The Long Tomorrow

From Clockworks2
Jump to navigationJump to search

Brackett, Leigh. The Long Tomorrow. Garden City, NY: Doubleday, 1955. Available also as a audiobook from Audible.com.[1]

Post-holocaust tale; note Bartorstown, in Book Three, an underground research facility dominated by a computer and a nuclear reactor (Wolfe 136). Note also placing the "technological social remnant . . . within a twenty-first century agrarian society akin to New Mennonites of the 'past'" (Kessler, "Bibliography," listed under Reference). Especially in chs. 23-27, the very large computer is personalized, named, feminized, and demonized: Clementine, as the old song has it, with modifications, buried "In a cavern, in a canyon" excavated like "a mine."[2]

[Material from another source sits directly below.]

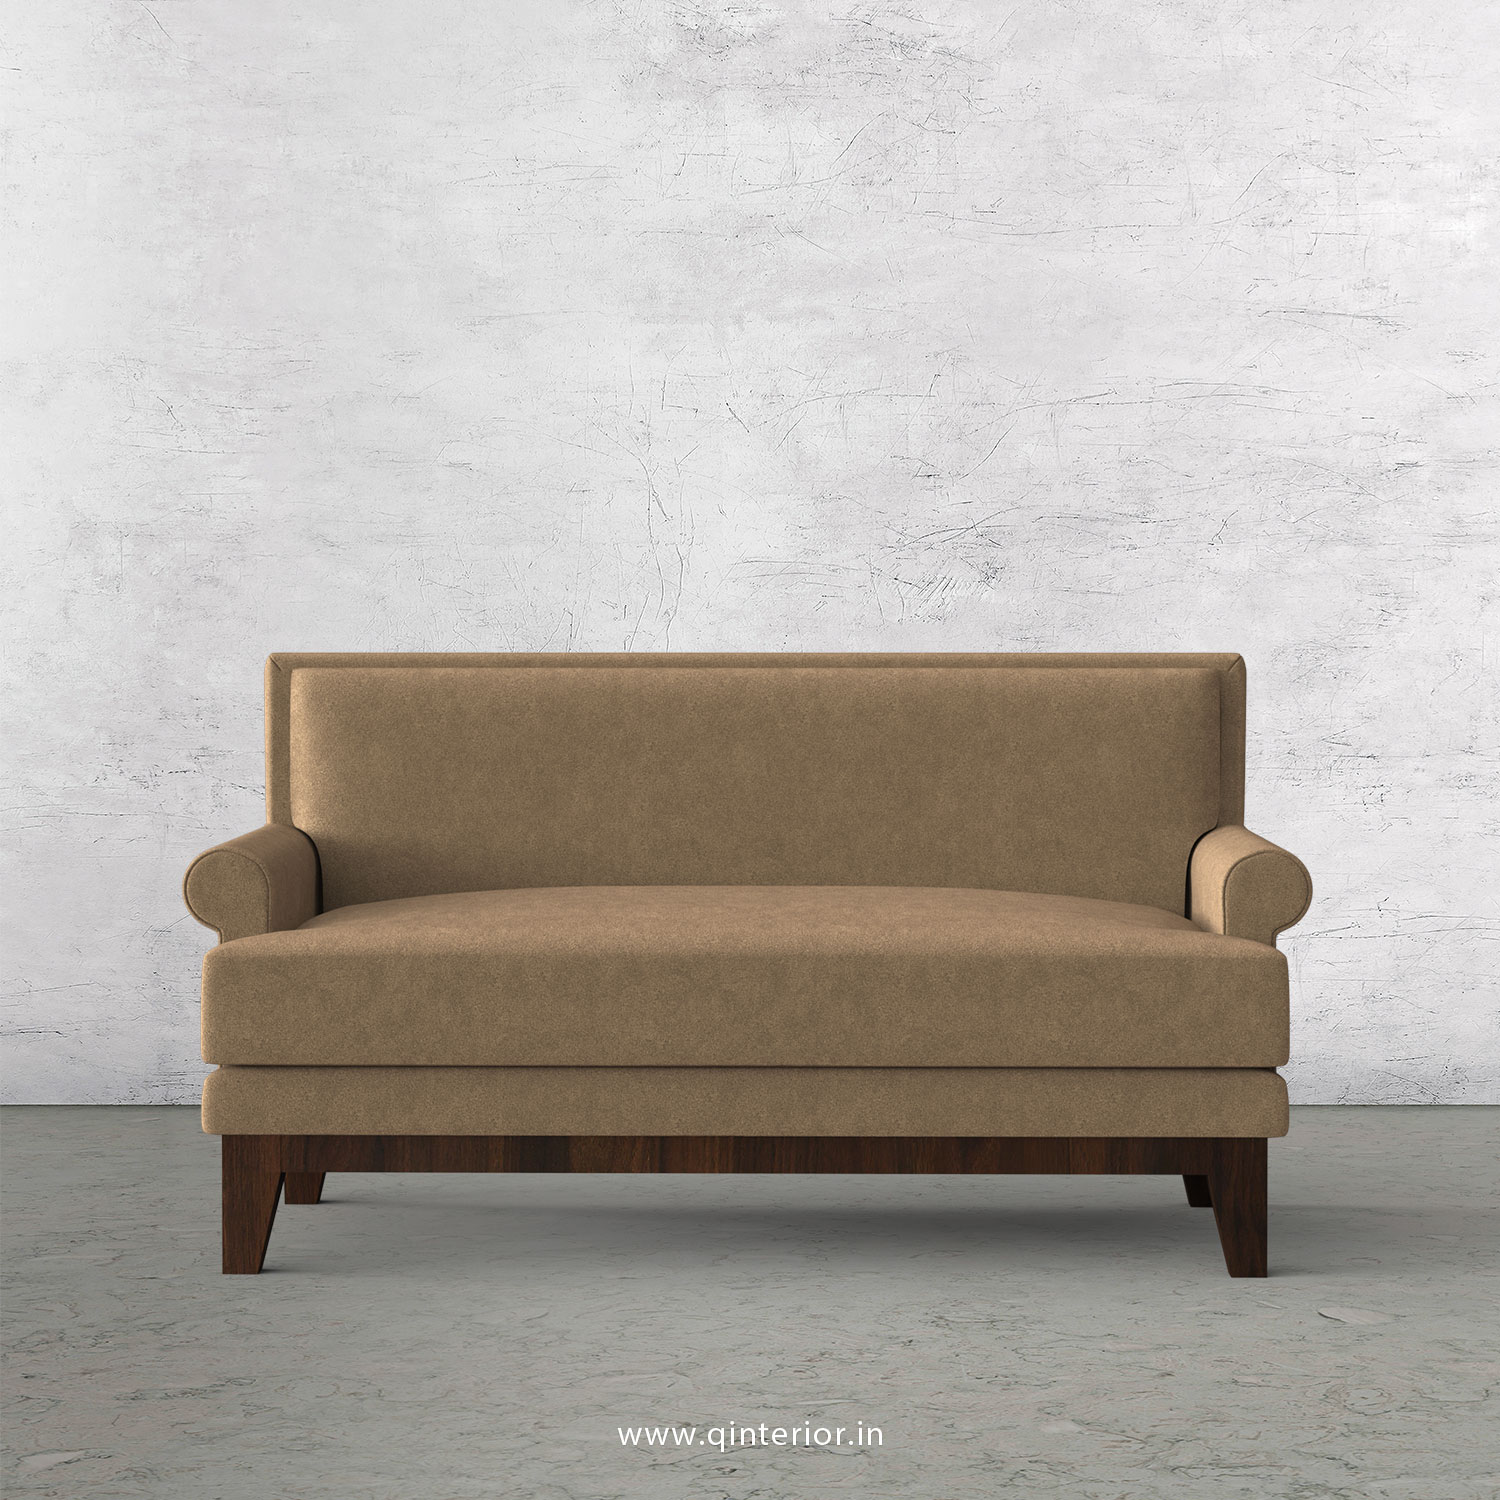 Aviana 2 Seater Sofa in Velvet Fabric - SFA001 VL03
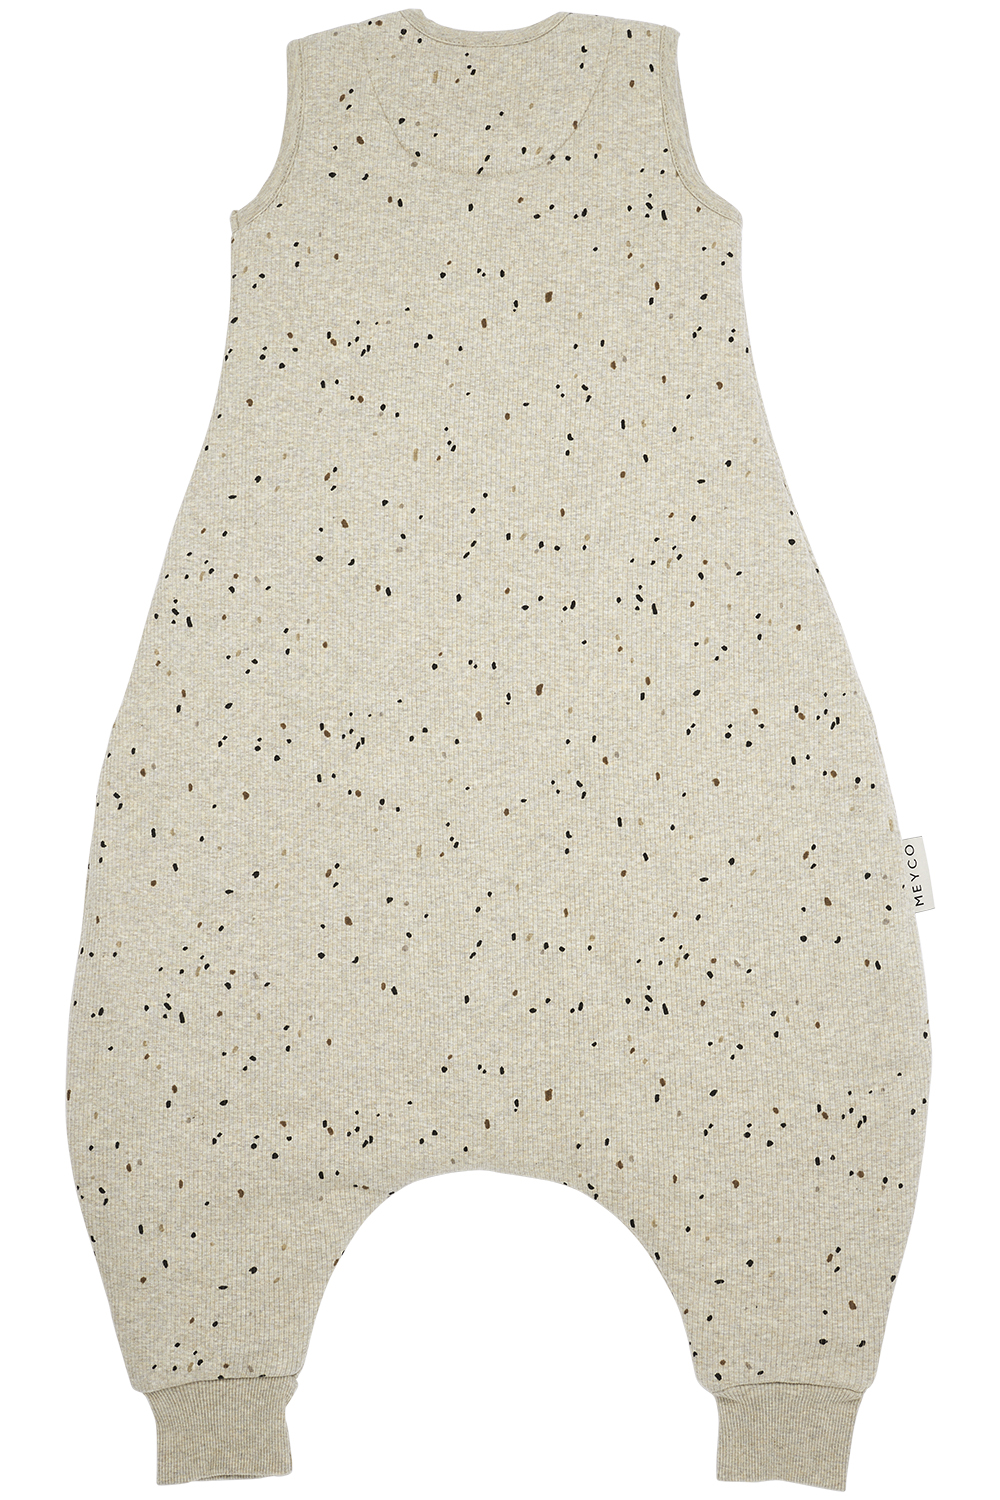 Baby winter sleep overall jumper Rib Mini Spot - sand melange - 92cm

There are groups of fanatics in the novel, and usually peaceful religious people are capable of stoning to death a (correctly) suspected heretic from Bartorstown; but, significantly, the society of the New Mennonites (and others) is shown to have positive aspects and act as a legitimate response to a nuclear, hence technologically-mediated, apocalypse — at least for a few generations, and if we accept survival with stagnation as an acceptable way for humans to be in the world. The acceptability of stagnation is up to readers, although the generic expectations of SF, and the plot of the novel tip us toward Bartorstown and the possibility of restoring a technologically-advancing human culture[3]). For survivors of high-tech civilizations learning to live with lower technology, cf. and contrast George R. Stewart's Earth Abides (New York: Random House, 1949), Parts II and III,[4] and Joe Haldeman's Earthbound.

Note also the computer and atomic reactor at both the periphery and heart (navel?) of the world of the story, carefully fitted into a motif of confinement and containment, vs. the vast expanse of the American prairie and plains. Fittingly in a novel with much about religion and culture, the theme of confinement parallels the Biblical motif of Egypt (Mitzrayim ) for the Hebrews as a "narrow place" of captivity, as also, as Karen Armstrong tells the story in Fields of Blood: Religion and the History of Violence,[5] the ancient Aryans of the Vedic texts "experienced the Punjab as confinement and the [indigenous "barbarian"] dasas [as perverse adversaries who were preventing them from attaining the wealth and open spaces that were their due."[6] More immediately relevant, note motif of an underworld not of "Chaos and old Night" but of a large computer, atomic pile, and steam-driven turbines: cf. and contrast a number of stories from "The Machine Stops" (1909) to "I Have No Mouth, and I Must Scream" (1967).


Reviewed by "Jesse," Speculiction: The Speculative in Fiction and More, 28 October 2014:[7].